I usually lay it across the baby`s chest on the left so the baby can hear the mother`s heartbeat, which quiets them instantly, and they feel secure; and then they usually stop to open their eyes and look around, instead of squirming and grimacing.
MacNEIL: Well, let`s talk to a woman who`s had an experience something like that. Patricia Jontow is a middle-class Manhattan housewife., She had her first child the traditional way, in the hospital with an obstetrician, but chose a midwife and a so-called "childbearing center" for her second. Mrs. Jontow, why not a hospital the second time?
PATRICIA JONTOW: Well, having my son in the hospital and then having my second child, being pregnant with my second child -- it was a family decision. It wasn`t just, I was carrying this baby and I was going to go have another baby. My son was very involved in the entire pregnancy. He was in attendance at the time that my daughter was born; that`s something that I don`t think any hospital would have allowed.
MacNEIL: So probably the reason was so that your small son could go and watch -- and your husband.

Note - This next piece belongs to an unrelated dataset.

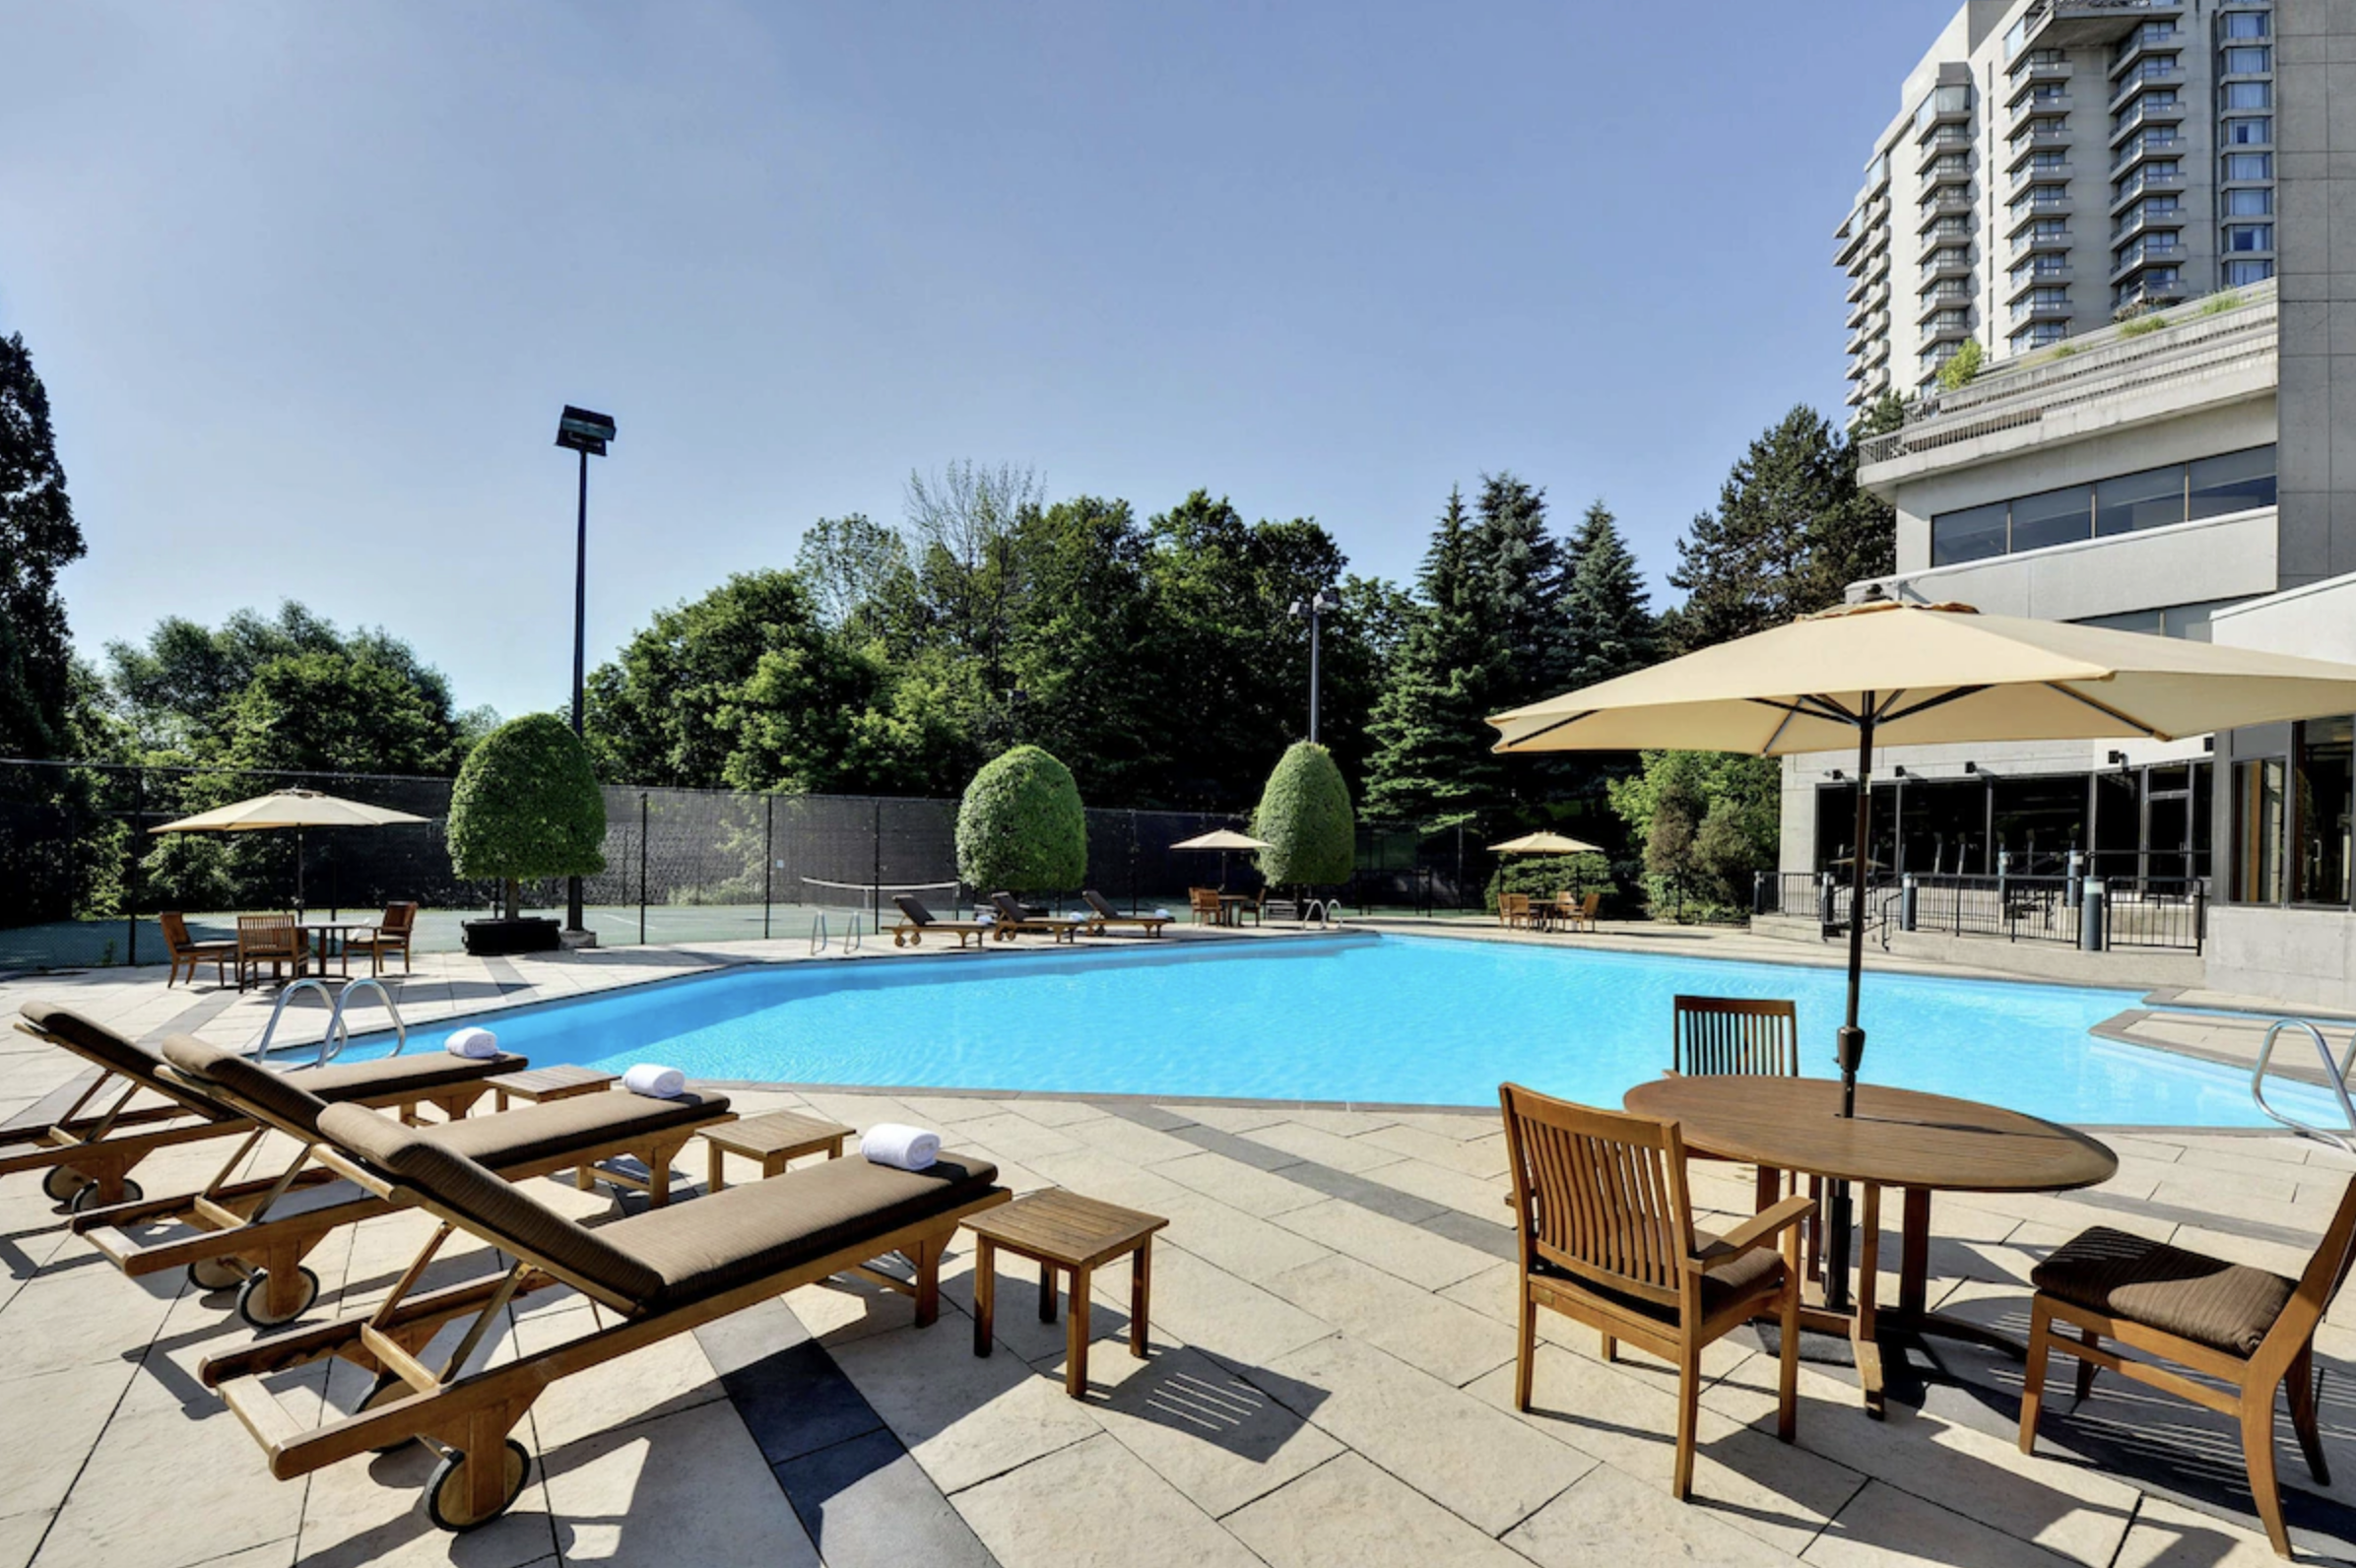 12. Pan Pacific Toronto - Best Hotels in Toronto with Rooftop Pools

JONTOW: Yes. Also, I had received drugs when I entered the hospital, having Joshua, the first time, never having explained to me why these things were happening to me. I was put on a fetal monitor; nobody told me why I was on a fetal monitor. That was a bit intimidating at the time. My husband had to leave the room at certain points during labor; he was my support person, and I couldn`t understand why he was being led out of the room. I had an episiotomy the first time; I did not at the center, which is wonderful, because I suffered for four...
MacNEIL: Which is the cutting that requires stitches.

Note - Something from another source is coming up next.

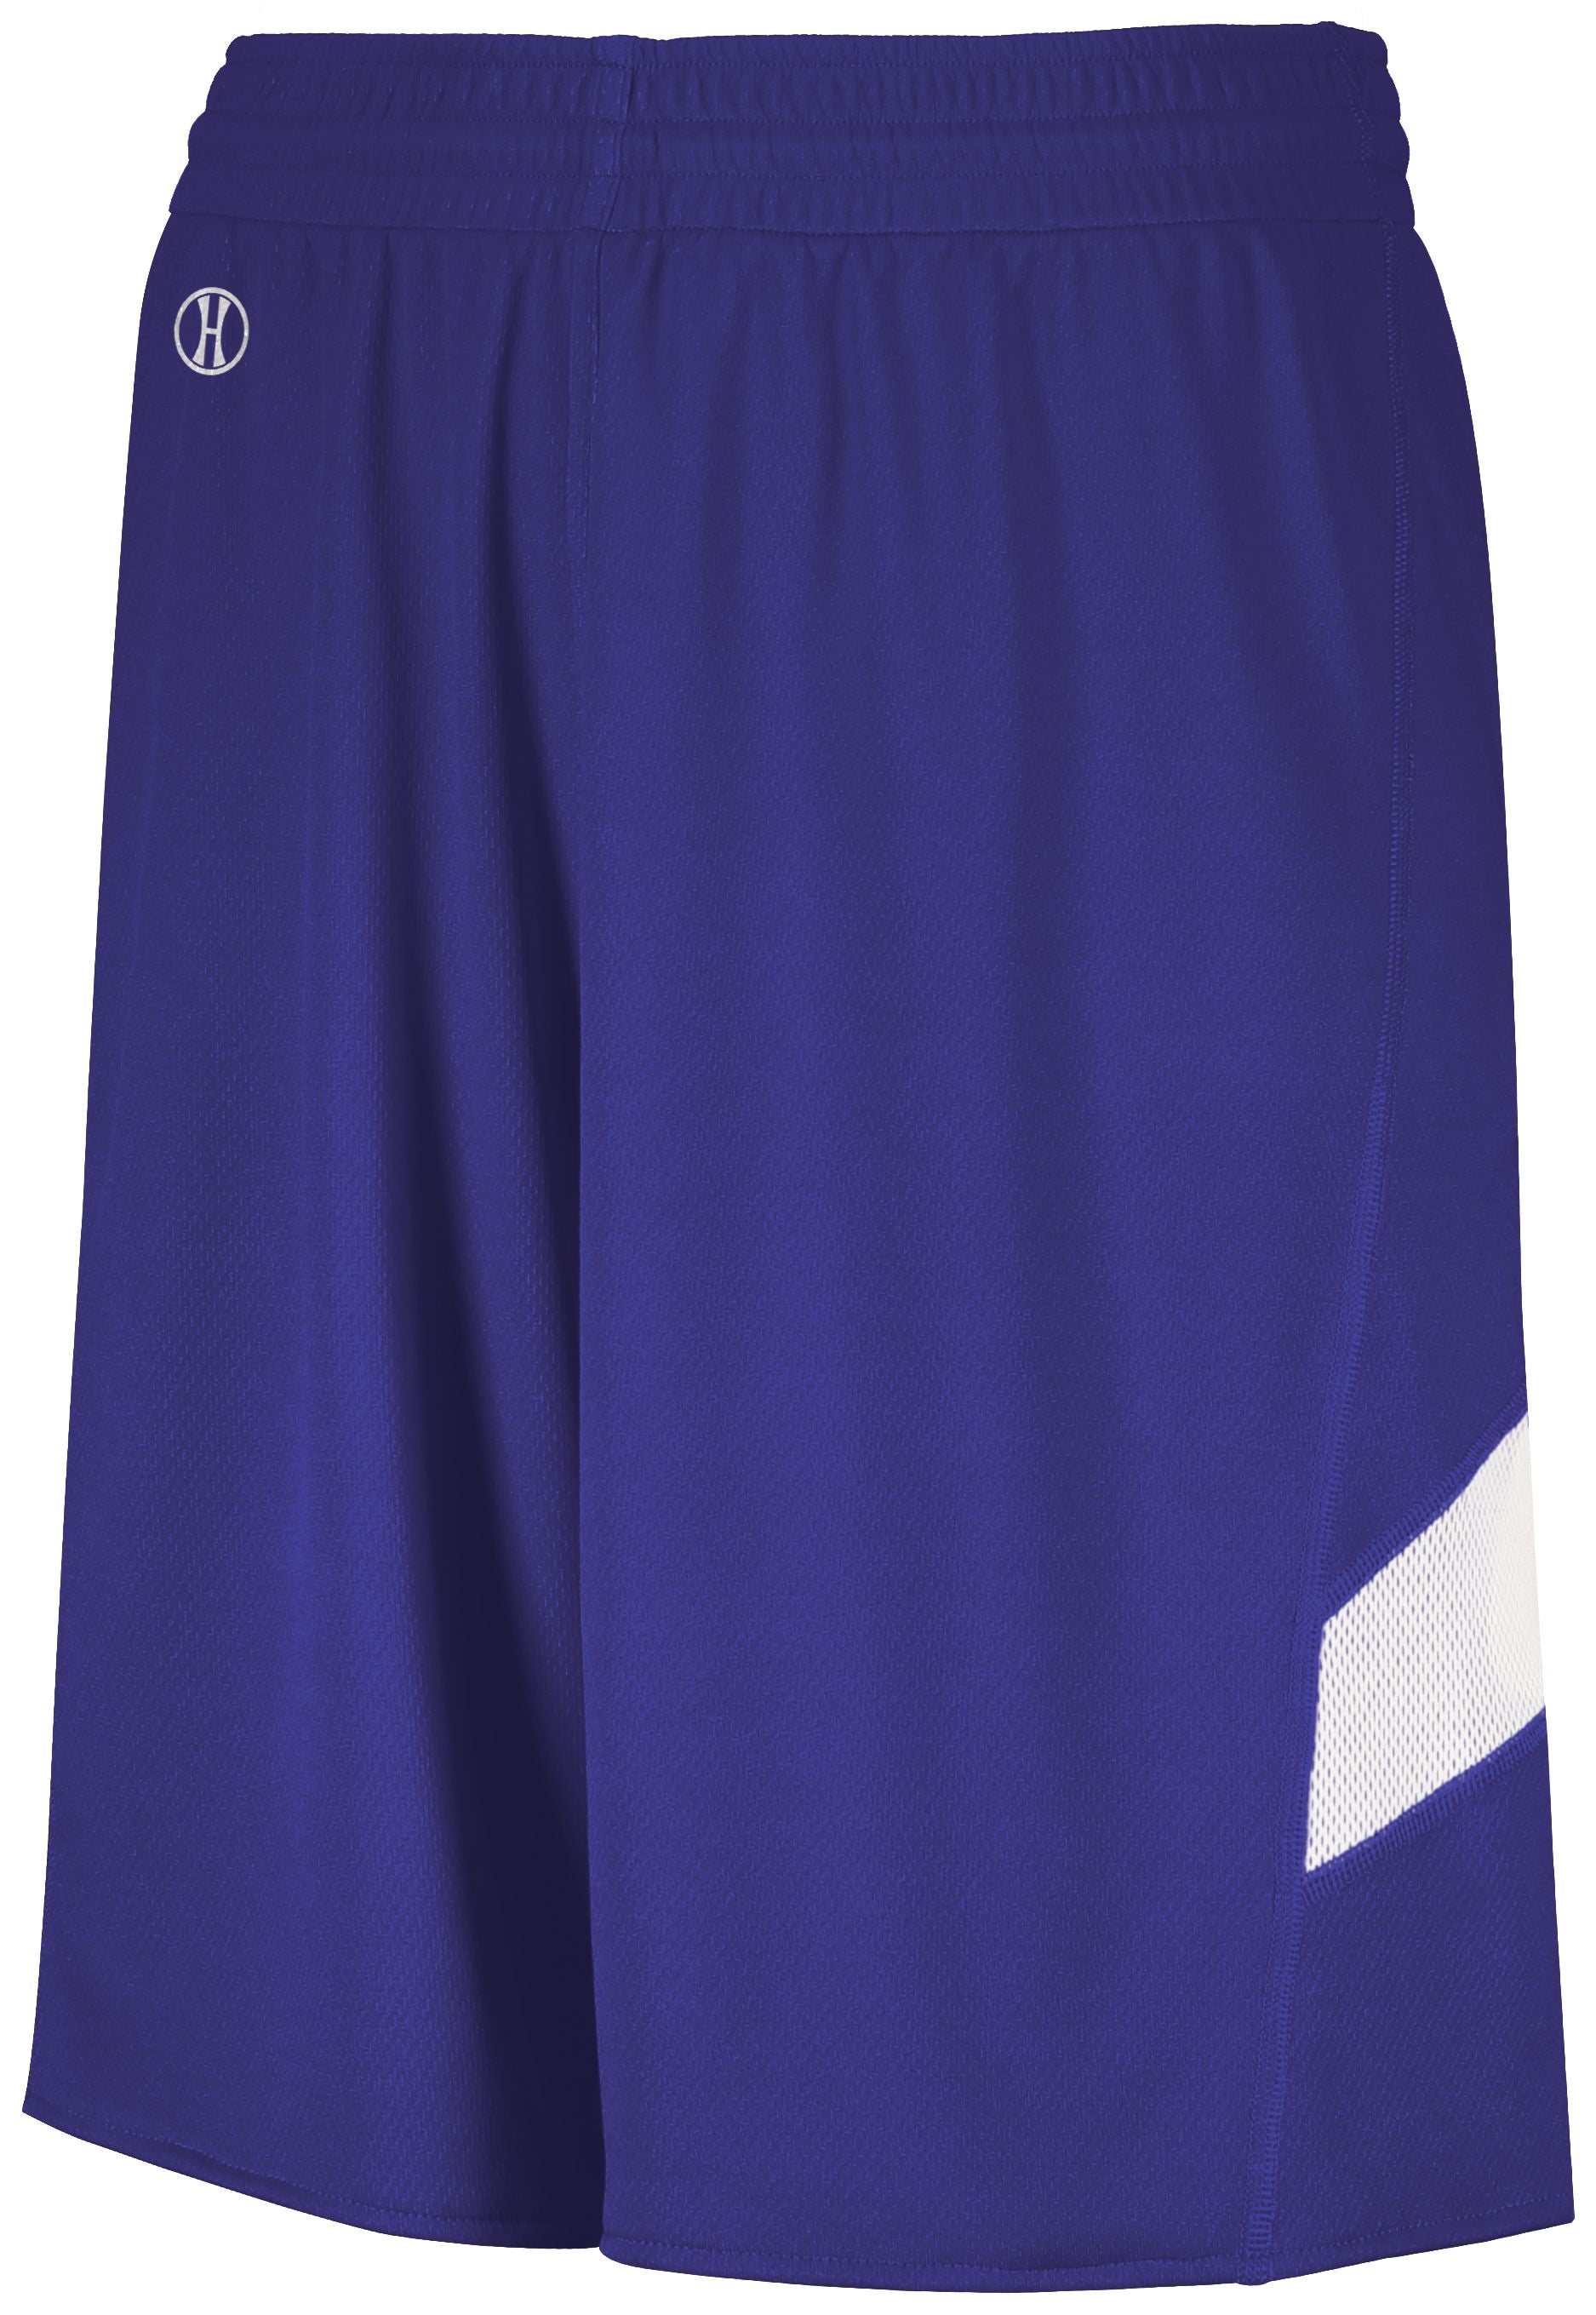 Holloway Youth Dual-Side Single Ply Basketball Shorts in Purple/White  -Part of the Youth, Youth-Shorts, Basketball, Holloway, All-Sports, All-Sports-1 product lines at KanaleyCreations.com

JONTOW: Yes, and I suffered for four weeks after. This time I was able to sit down the following day. It was a wonderful feeling. In general it was just really sort of a gut feeling. I knew I didn`t want to go back to the hospital. I wasn`t ill. Also, at the childbearing center here in Manhattan you go home within twelve hours.
MacNEIL: Let me ask you this: what did a midwife give you that the obstetrician didn`t?
JONTOW: More than just moral support. She was available twenty-four hours a day; I could call at any time with the silliest question, and it was answered; involving the whole family. I had access to my charts up at the center; that`s something that I don`t think a hospital would have allowed. It was my responsibility to weigh myself, take care of my urine when I arrived. In general, she became part of our family for nine months.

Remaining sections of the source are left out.